When execution and strategy are not in balance, success is anything but certain. Leaders who favor execution over strategy are setting themselves up for failure because they could be caught in the vicious cycle of constantly fixing problems within systems but not addressing flaws in the system itself. On the one hand, they go from fix to fix without making material progress—progress that would be possible if there was a strategic plan for how the system is expected to serve the organization’s goals in the coming years. Moreover, these execution-heavy leaders are trapped, focusing on today’s problems rather than what the future requires. Dynamic innovation is at a premium when a leader approaches developing a system or an organizational plan in this way.

On the other hand, a leader who is “all strategy, no execution” won’t remain in the job very long because the organization will lack the capacity to actually address issues that must be tackled for its survival. If you can’t fix the small things in front of you, you will certainly be unable to solve the larger problems that are yet to materialize. Most organizations will oust the leader who is ill-equipped to deal with obvious day-to-day dilemmas. Also, systems, structures, or programs that are not executed well will chew up resources—financial, workforce, political—in the short-term and leave nothing for the longer horizon. People usually have an inclination toward strategy or execution.
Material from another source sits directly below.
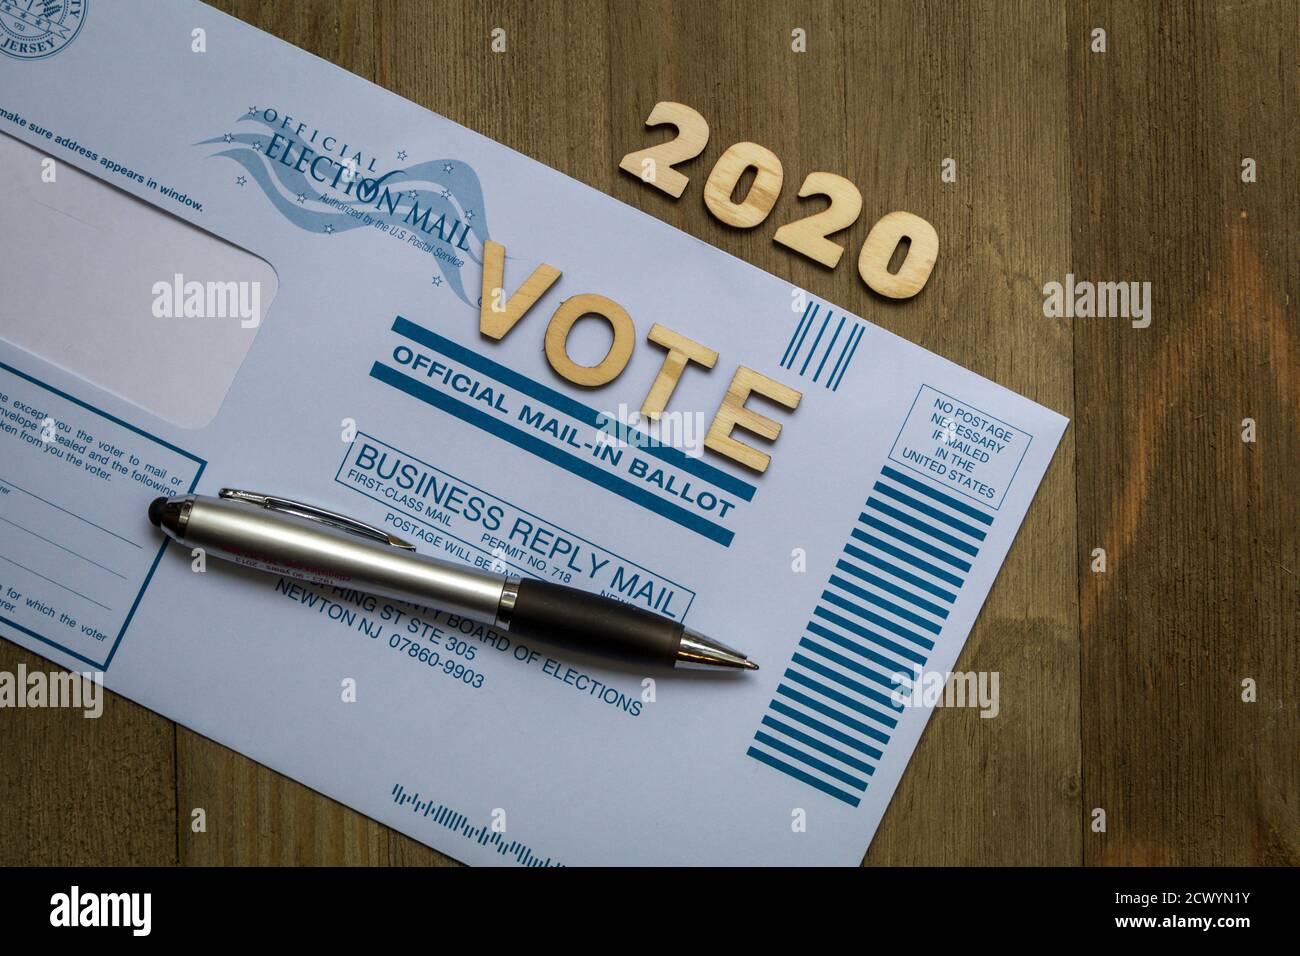 Sussex, NJ / USA - 29 de septiembre de 2020: Voto por correo para las elecciones presidenciales de los Estados Unidos y el condado de Sussex, NJ, gobierno local Foto de stock

To overcome that, a leader should articulate a strategy but with a clear understanding that it probably needs to evolve and execute with both immediate needs and the changing future in mind.

Images

For people in roles like mine, present success and future vision executed brilliantly and together are essential today. It seems daunting perhaps to effectively reconcile all Six Paradoxes of Leadership, which is why good leaders know what their strengths are—and the leadership paradox they are most suited to navigate. They must develop complementary leaders around them who are more comfortable managing through other paradoxes. In exploring these leadership paradoxes and the remarkable people who have excelled, I am struck by how deeply each leader cares about the leadership tasks they have before them. They care enough to face very large questions affecting the future of their towns, organizations, businesses, and institutions with both courage and depth, to understand what is at the heart of the challenges and what it will take to find a way to overcome them. I can’t help but think that if we all cared more about finding solutions and building bridges of trust that welcome the input of people around us, the leadership paradoxes would not seem quite so difficult to resolve.